YOUR ASSIGNMENT
Copy the listing below letter for letter, passing over each picture.

COLLECTED MATERIAL
=-=-=
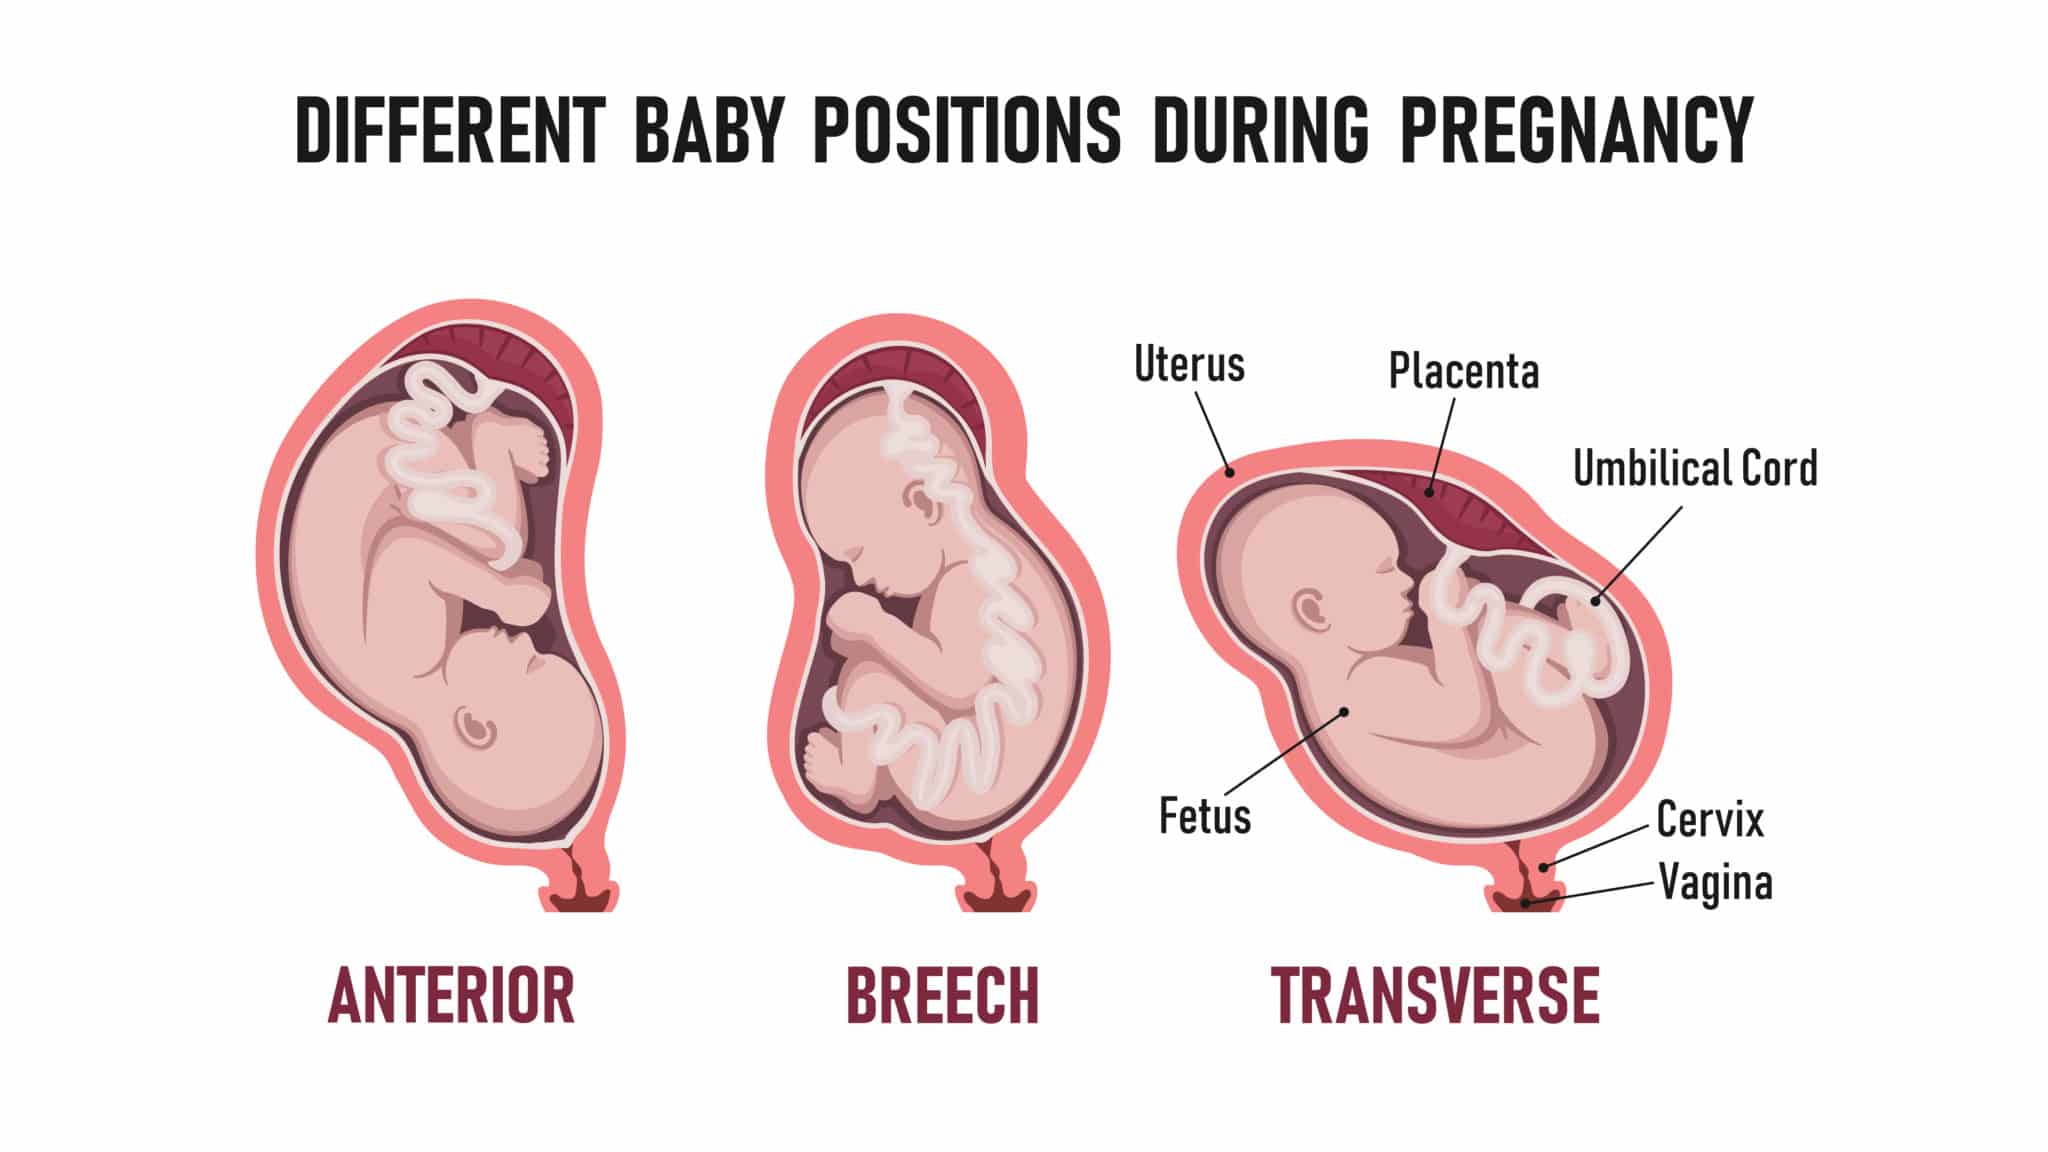 fetus in transverse presentation
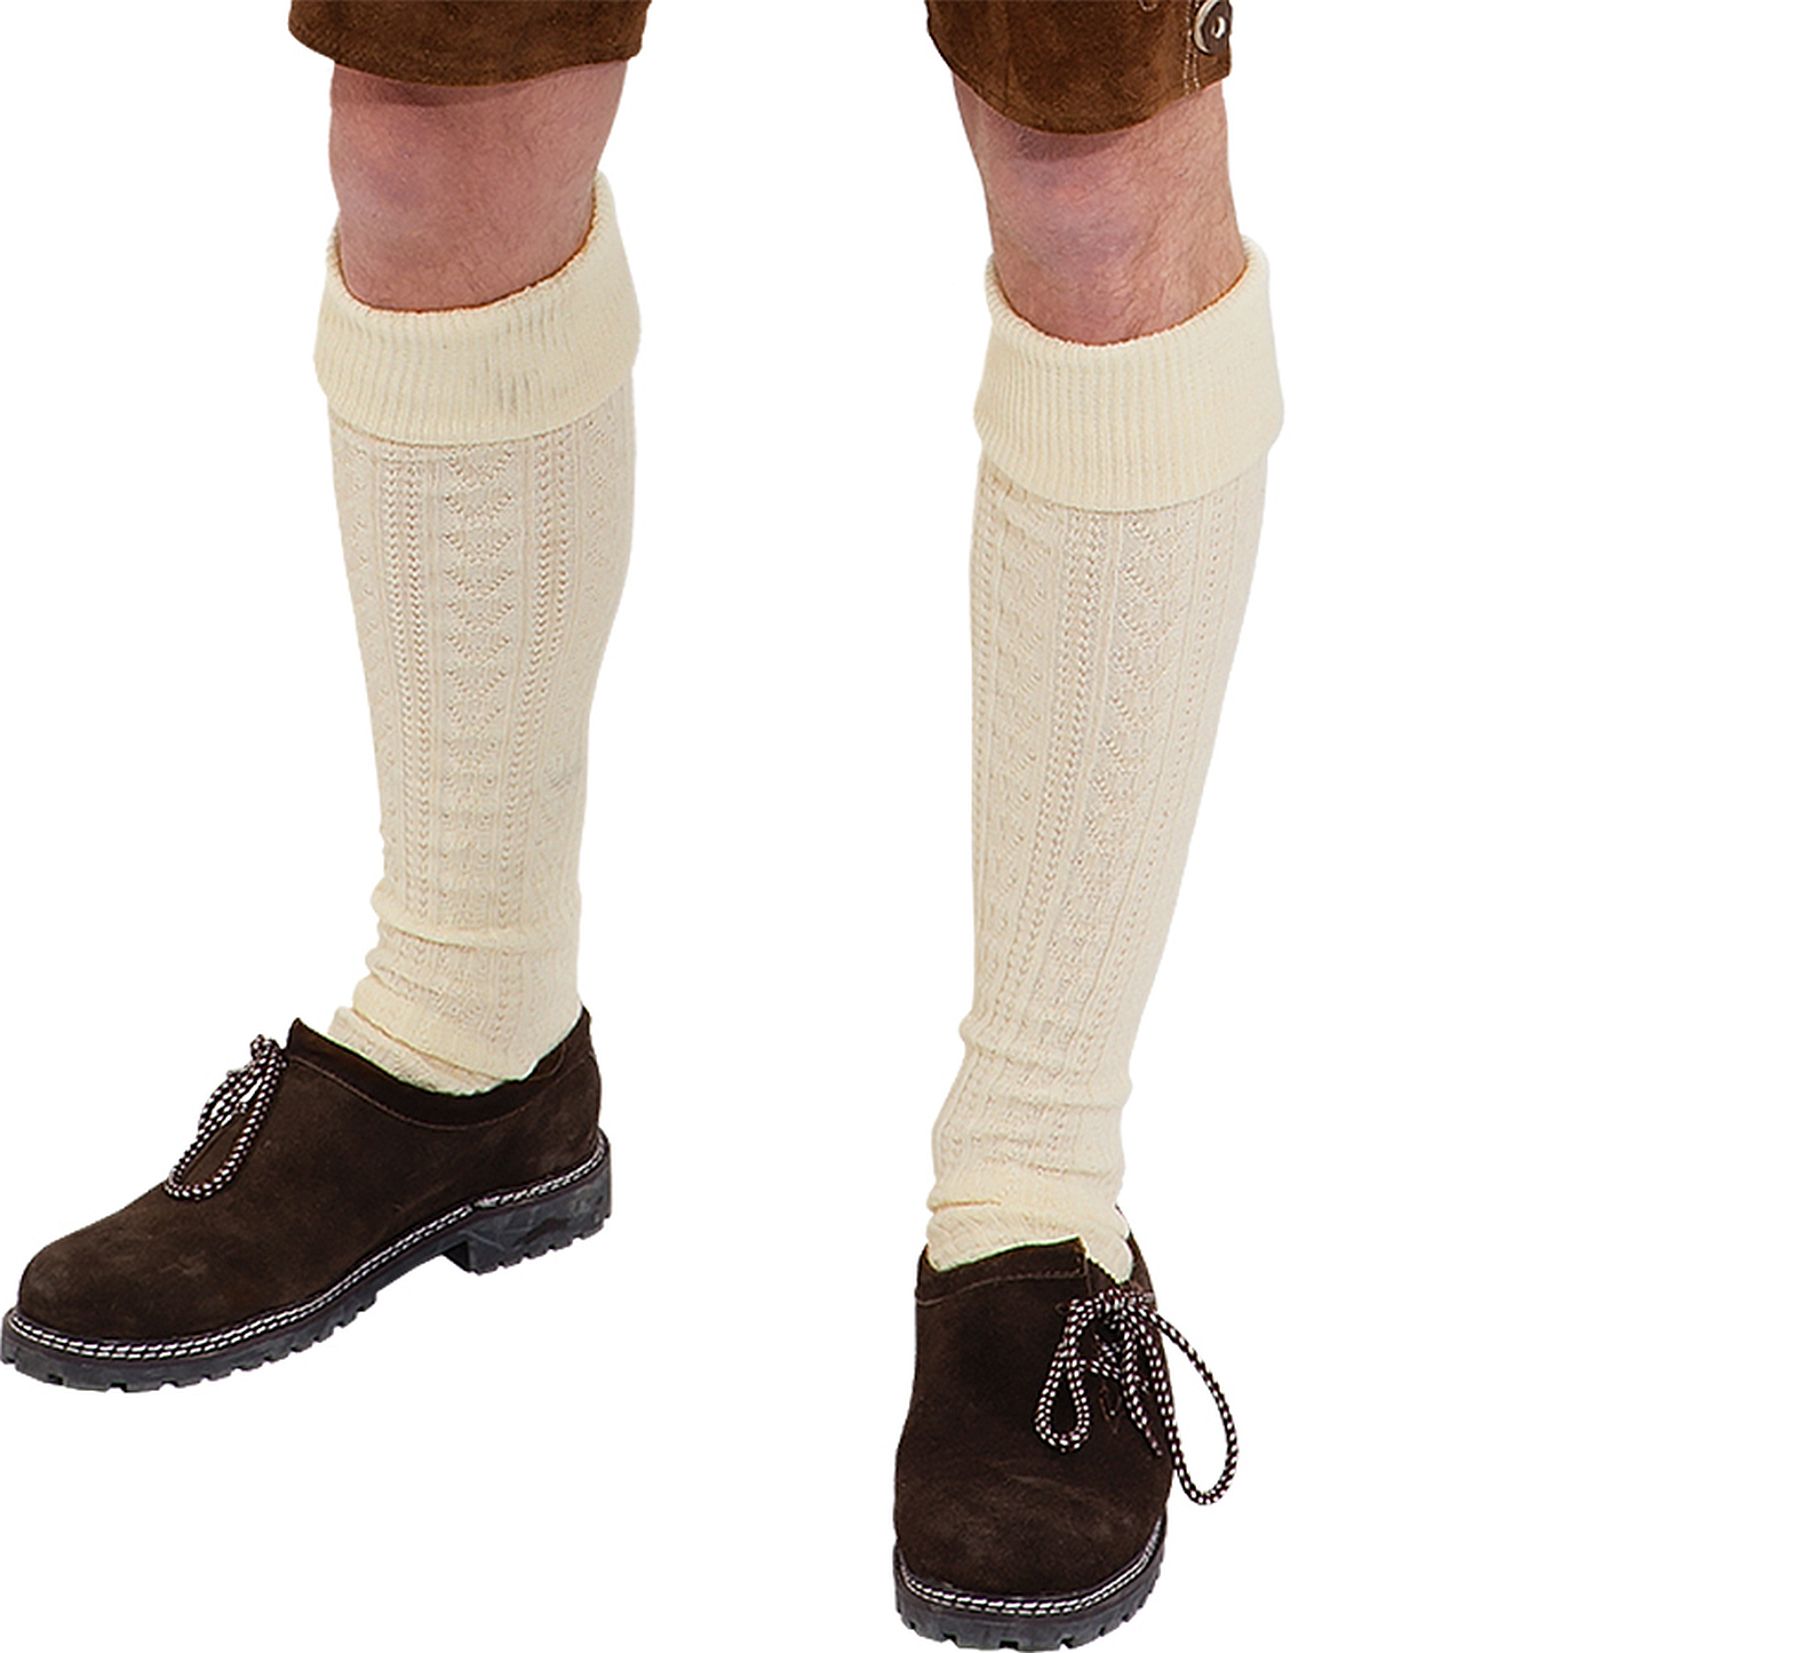 Kneehighs socks, creme-white
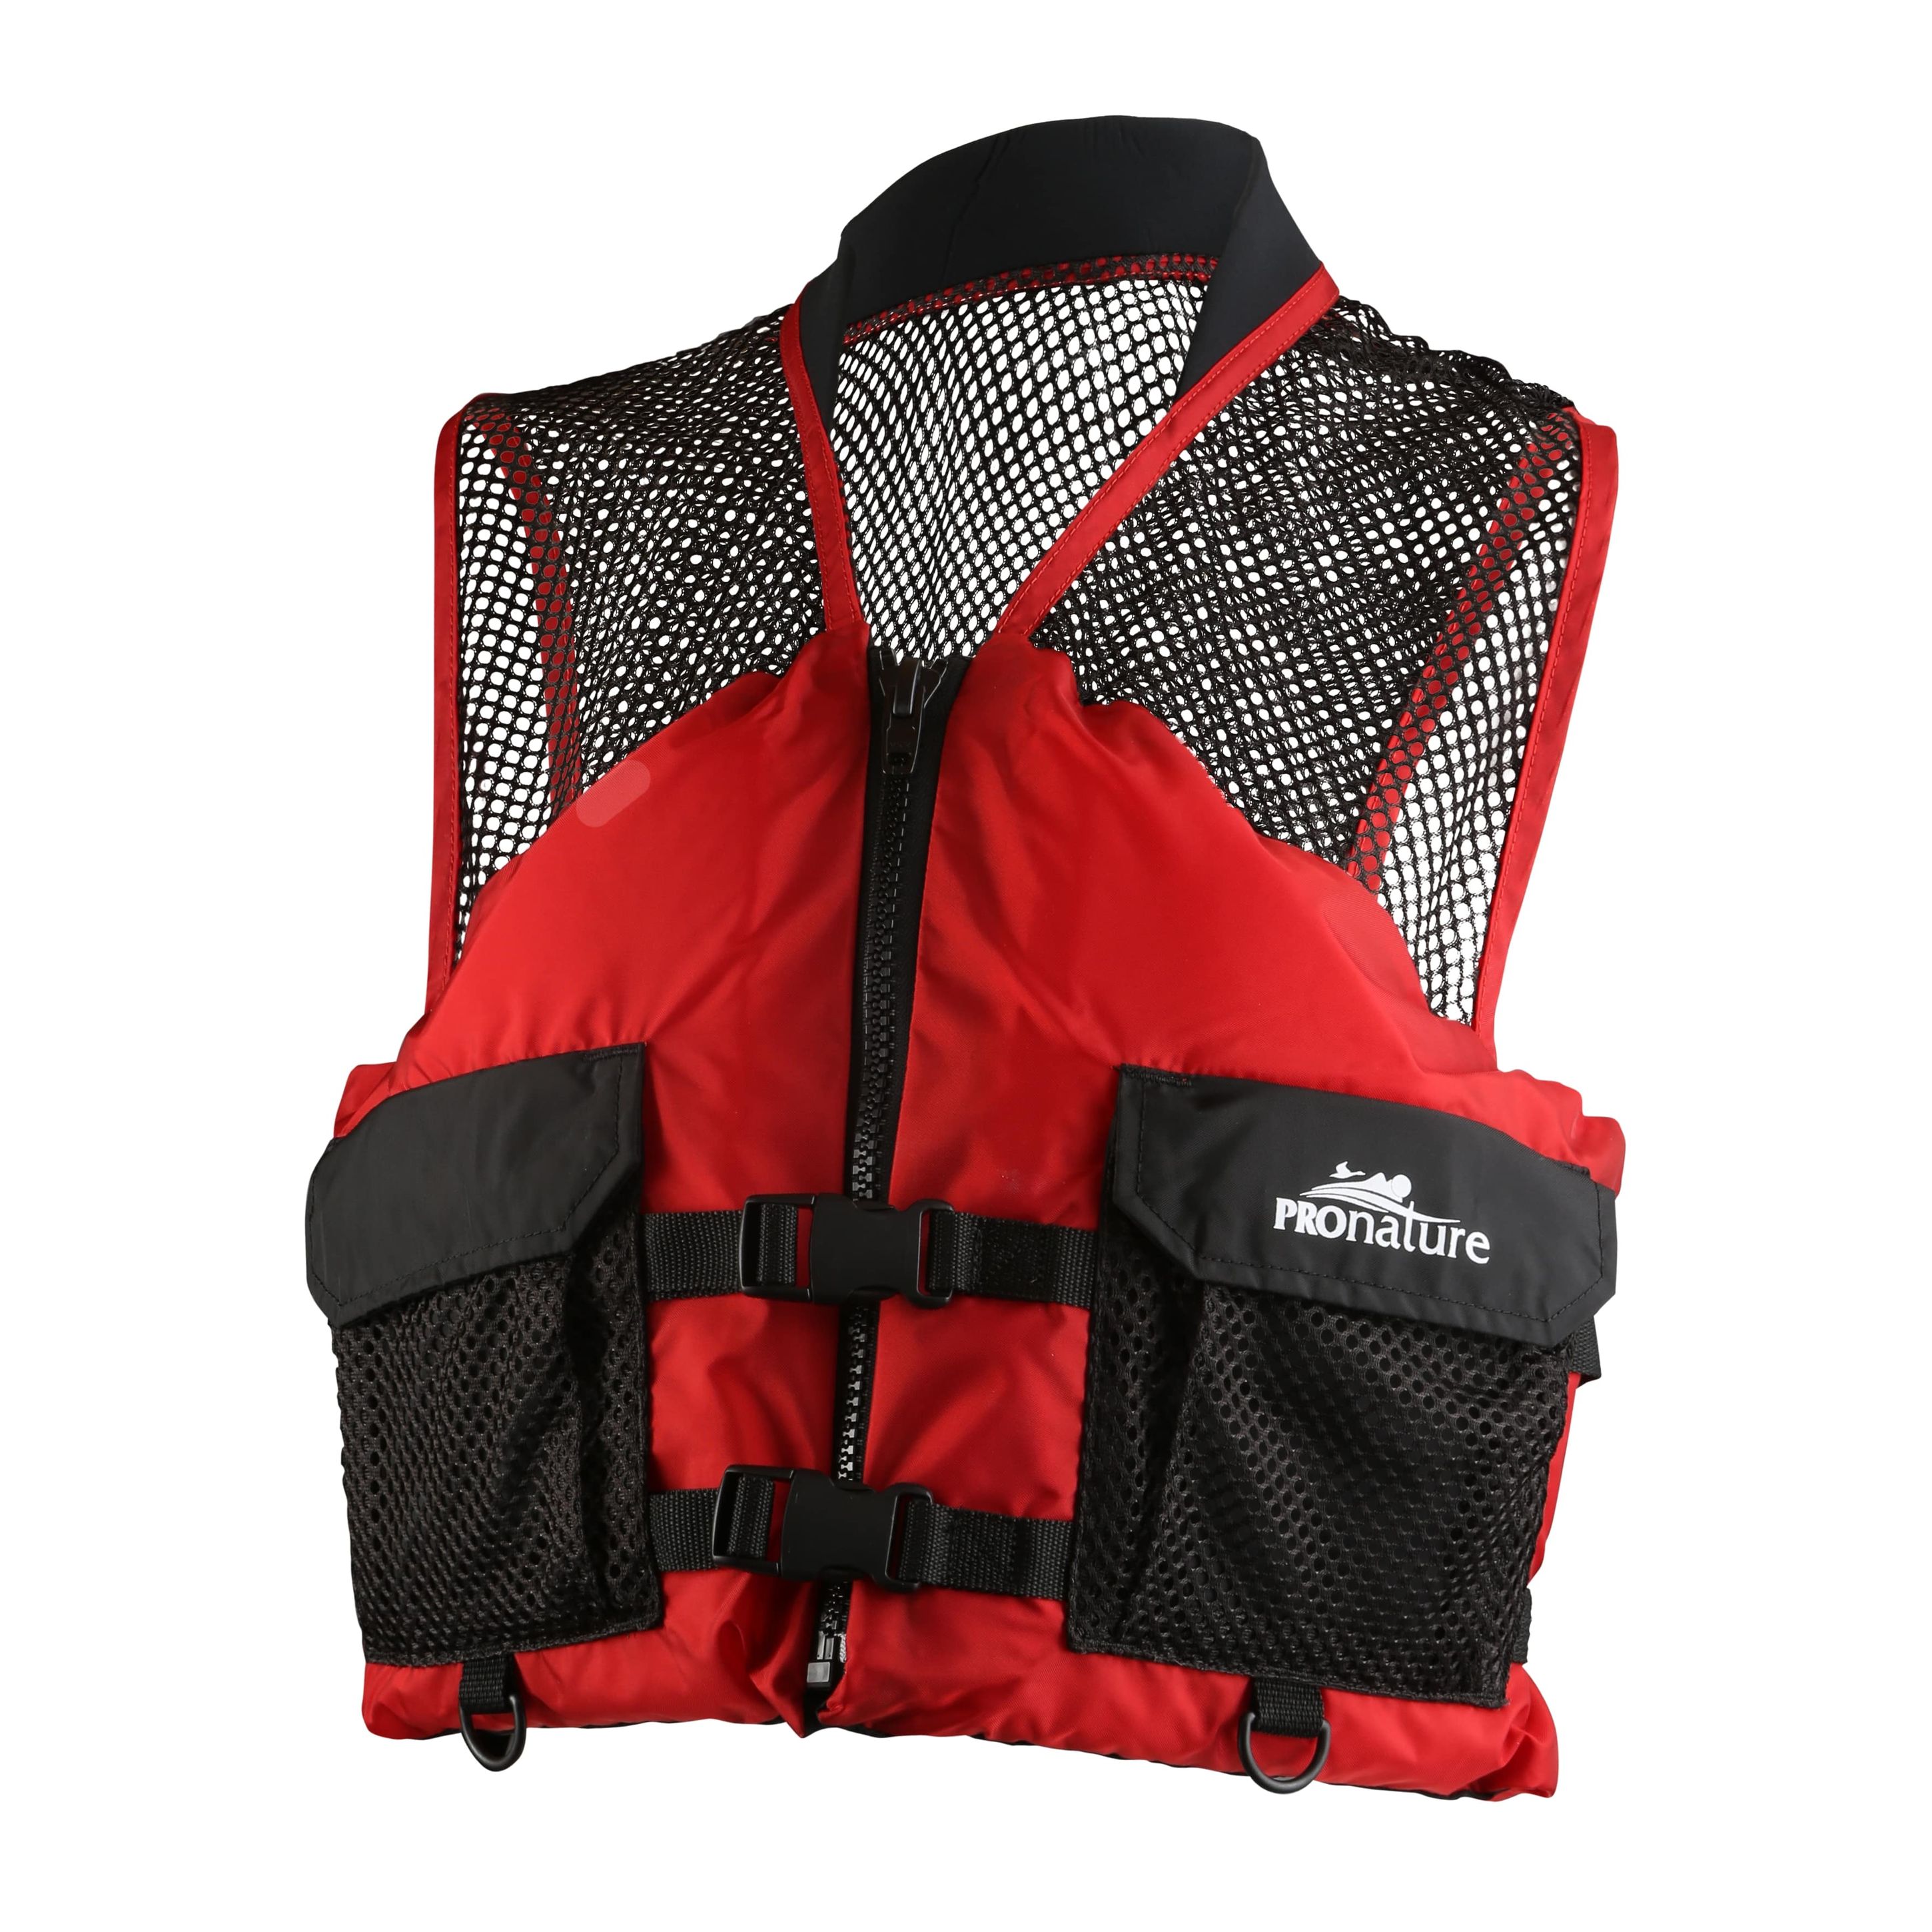 Specialized flotation vest
=-=-=
ANSWER TO THIS TASK
 fetus in transverse presentation
 Kneehighs socks, creme-white
 Specialized flotation vest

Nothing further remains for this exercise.